#### [Work item]
Make an exact copy of the data below, leaving out every picture.

#### [Dataset section]
= = = =

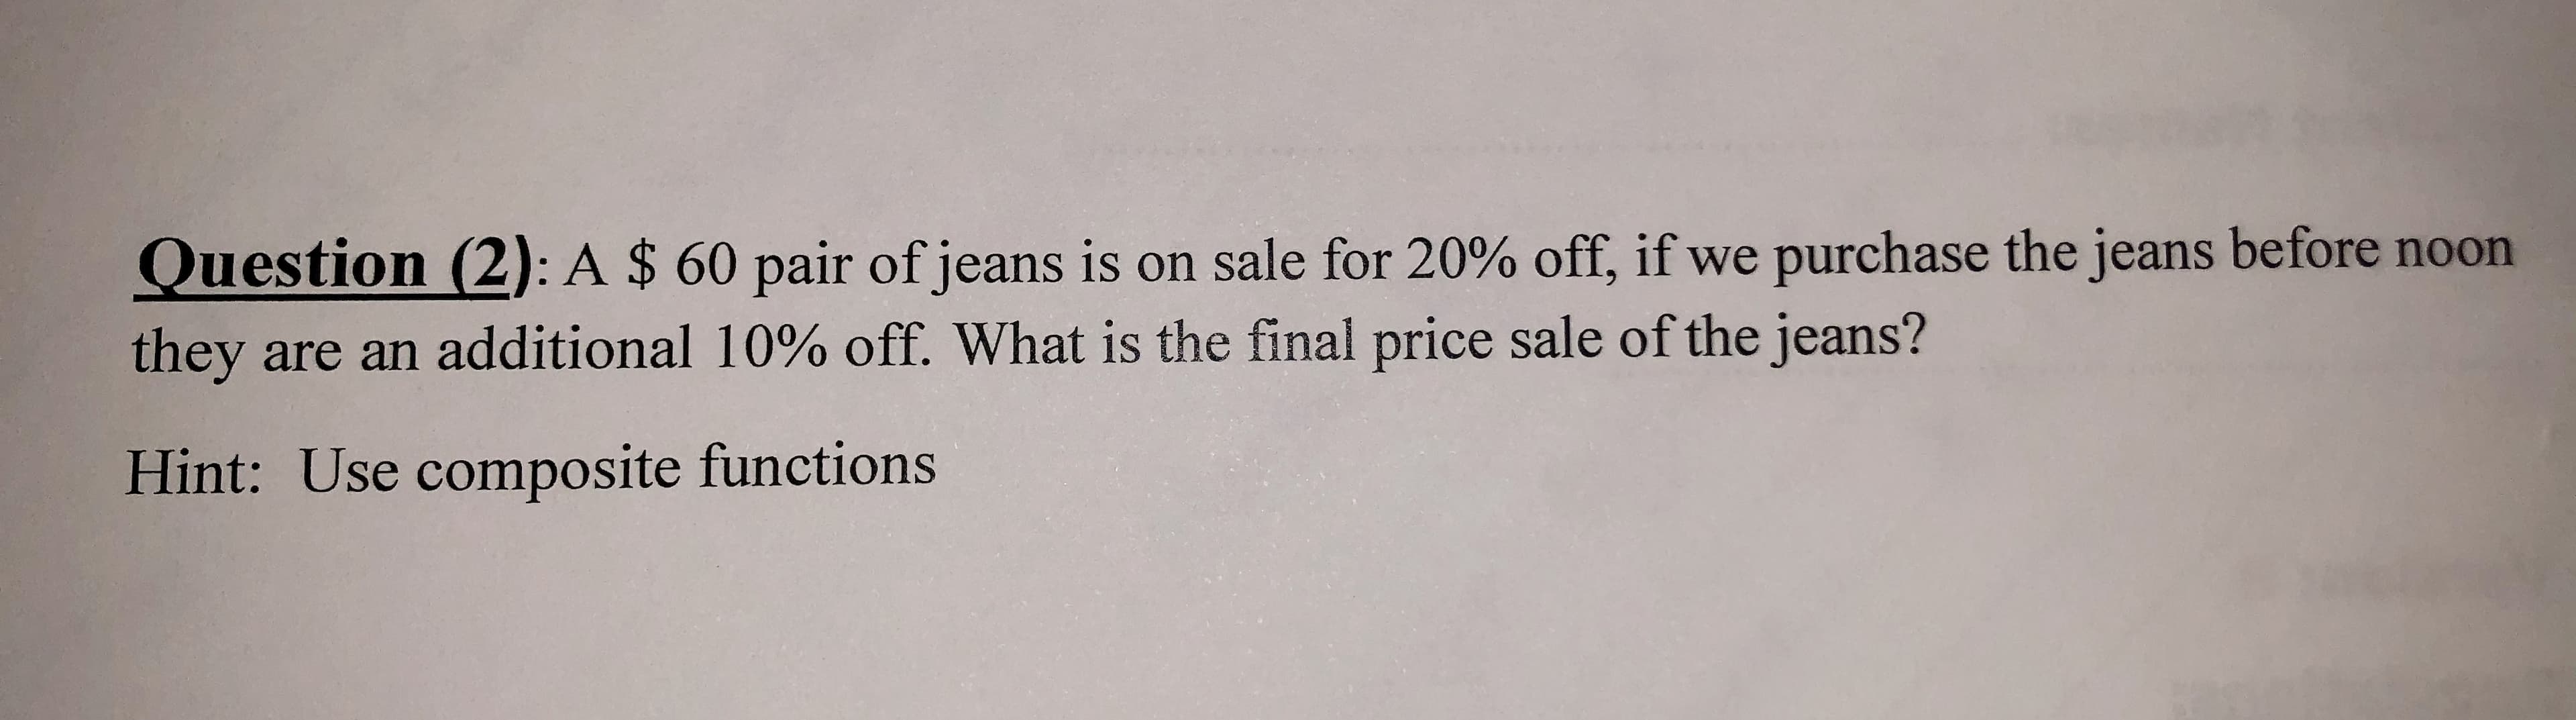 Question (2): A $ 60 pair of jeans is on sale for 20% off, if we purchase the jeans before noon
they are an additional 10% off. What is the final price sale of the jeans?
Hint: Use composite functions

= = = =

#### [Finished task]
 Question (2): A $ 60 pair of jeans is on sale for 20% off, if we purchase the jeans before noon
they are an additional 10% off. What is the final price sale of the jeans?
Hint: Use composite functions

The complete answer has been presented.